Я не могла заставить себя поверить ей, и все же ее слова подействовали на меня ободряюще: я знала, что она и сама скоро окажется в тюрьме; ибо вместе с Говиндом занимается антиправительственной деятельностью. Я плохо представляла себе масштаб этой деятельности, пока не стала у нее жить. Ее еженедельные статьи и раньше-то не отличались сдержанностью, но теперь были просто напоены ядом — некоторые из них писал Говинд.
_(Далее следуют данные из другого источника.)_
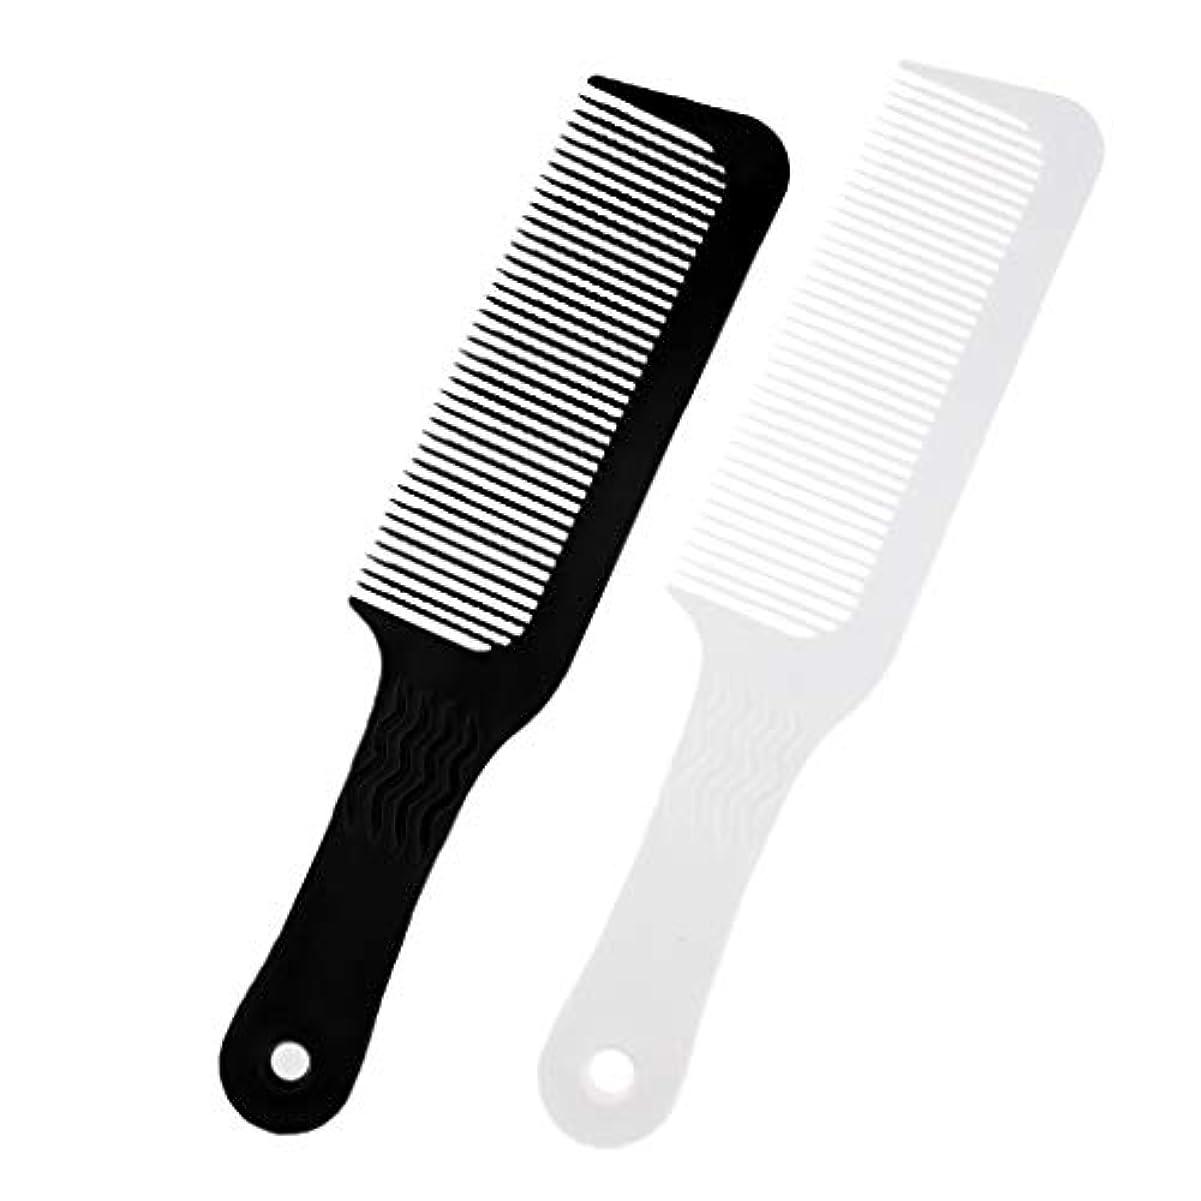 上に築きます有能なサポートToygogo プロ3ピース理髪サロンフラットトップクリッパーくし美容師スタイリング切削デタングルブラシツール

Редактор, видимо, получил нагоняй. Один раз он уже предостерегал Рошан, теперь он предостерег ее вторично. Но Рошан не теряла спокойствия и, как всегда, была весела и бесстрашна. Она решила (и, в отличие от многих других, не изменила своего решения) бойкотировать английские товары, бросила курить и перестала пользоваться губной помадой, пока не встретила в один радостный для себя день американского офицера, который стал снабжать ее продукцией американских фирм. Потом вместе с другими женщинами она собрала все свои жоржетовые и шифоновые сари английского производства и сожгла их на площади. С тех пор, не без некоторого отвращения, Рошан носила грубые домотканые одежды.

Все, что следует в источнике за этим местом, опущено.